Mais ce travail militant pour la solidarité avec le peuple sahraoui n’a pas eu d’écho suffisant dans les médias et son impact a été trop faible sur les positions du gouvernement français qui constitue actuellement le principal obstacle à une solution au conflit.
DE GISCARD A SARKOZY
Quelques semaines après son entrée en fonction, Nicolas Sarkozy avait déclaré à des journalistes : « Il n’y a pas l’ombre d’une brouille avec le Maroc. Sur le fond, il n’y a pas de changement de la position de la France sur le Sahara ». Effectivement, « même s’il n’a pas été un familier du Royaume comme tant d’autres responsables français », d’après un journal marocain, Nicolas Sarkozy a suivi la voie tracée par son prédécesseur Jacques Chirac. Allié inconditionnel du royaume et de son souverain, « Chirac El Alaoui », surnom donné par le journal espagnol « El Pais », avait fait des relations entre la France et le Maroc une affaire de famille comme l’avait souligné le journaliste Jean-Pierre Tuquoi dans son livre « Majesté, je dois beaucoup à votre père… ».

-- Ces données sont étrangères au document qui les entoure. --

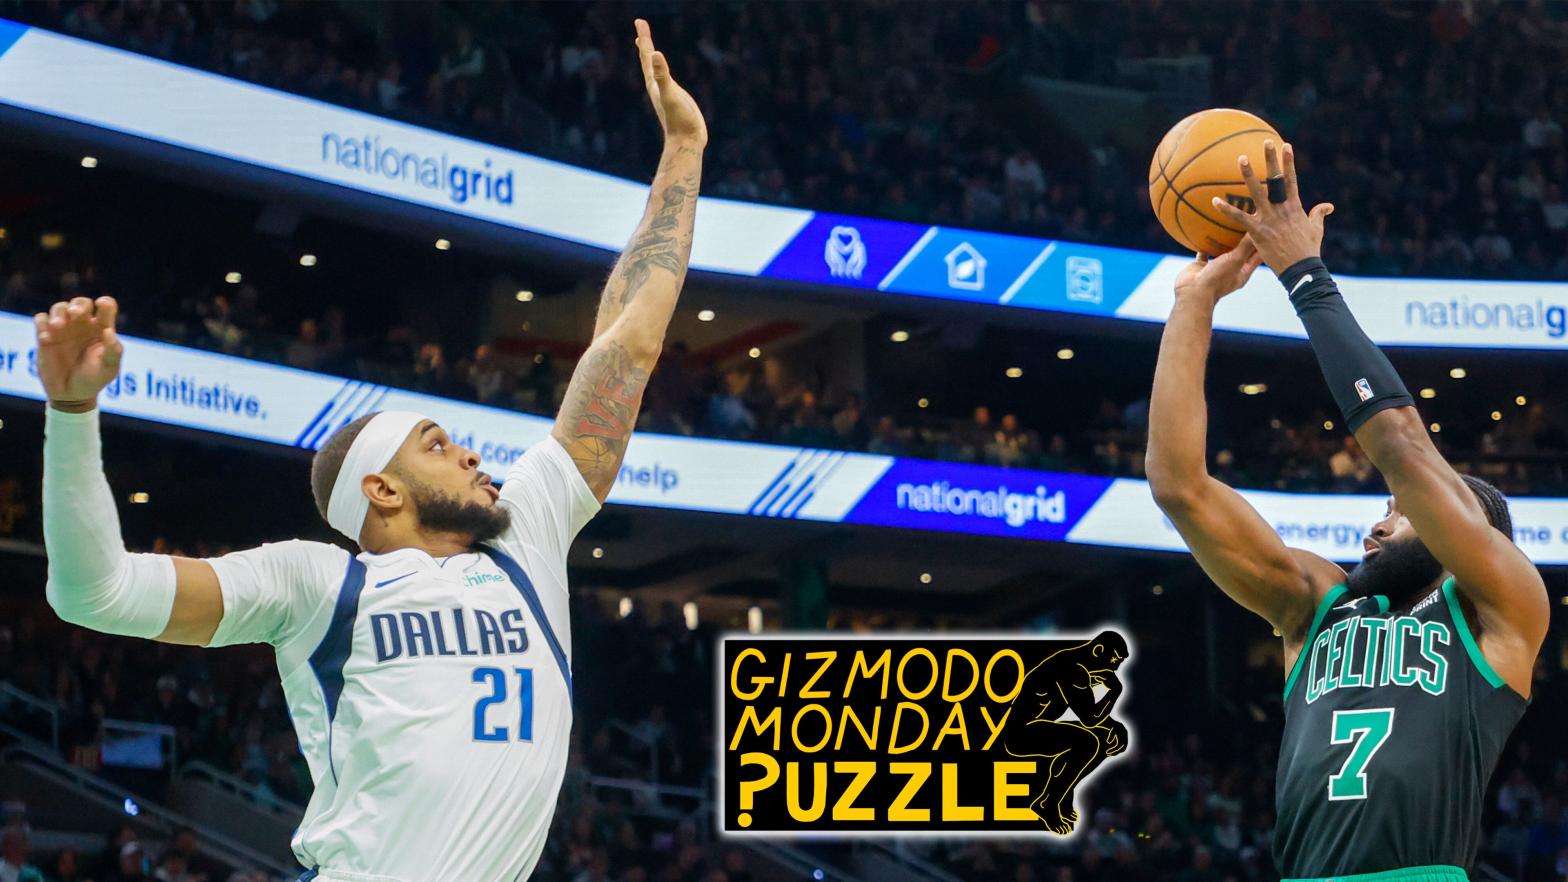 Gizmodo Monday Puzzle: Can You Rig the NBA Finals?

De façon plus ou moins avouée, les gouvernements français successifs ont toujours soutenu le Maroc. Dans les déclarations publiques, ils affirmaient leur soutien au droit international et leur respect des résolutions des Nations Unies auxquelles la France ne manquait pas de souscrire comme membre permanent du Conseil de sécurité. Mais, en même temps, les autorités françaises agissaient en sous-main comme porte-parole des positions marocaines. Aux Nations Unies, le dossier du Sahara occidental a toujours été sous-traité par la diplomatie française. C’est elle qui a exigé, dès l’accord de cessez-le-feu en 1991, que la solution au conflit ne soit pas imposée aux deux parties mais soit « mutuellement acceptable ». Cette contrainte a laissé la possibilité au Maroc de bloquer toute solution politique qui ne lui plaisait pas. Et il ne s’en est pas privé !
Pendant sa présidence, Nicolas Sarkozy a voulu faire légitimer le fait accompli de l’occupation marocaine du Sahara occidental en essayant de mettre le projet marocain d’autonomie au cœur des négociations entre le Maroc et le Front Polisario qui ont démarré en juin 2007 sous l’égide des Nations Unies. Ces négociations n’ont toujours pas abouti car le Maroc a multiplié les manœuvres d’obstruction et refusé le référendum d’autodétermination avec le soutien du gouvernement français dont l’Ambassadeur au Maroc avait déclaré : » Pour nous, la proposition marocaine d’autonomie, sérieuse et crédible, est celle qui doit nous permettre d’aboutir à un règlement de cette affaire ». Avec leur projet d’autonomie, les autorités marocaines veulent s’arroger le droit de décider du sort du Sahara occidental en lieu et place du peuple sahraoui.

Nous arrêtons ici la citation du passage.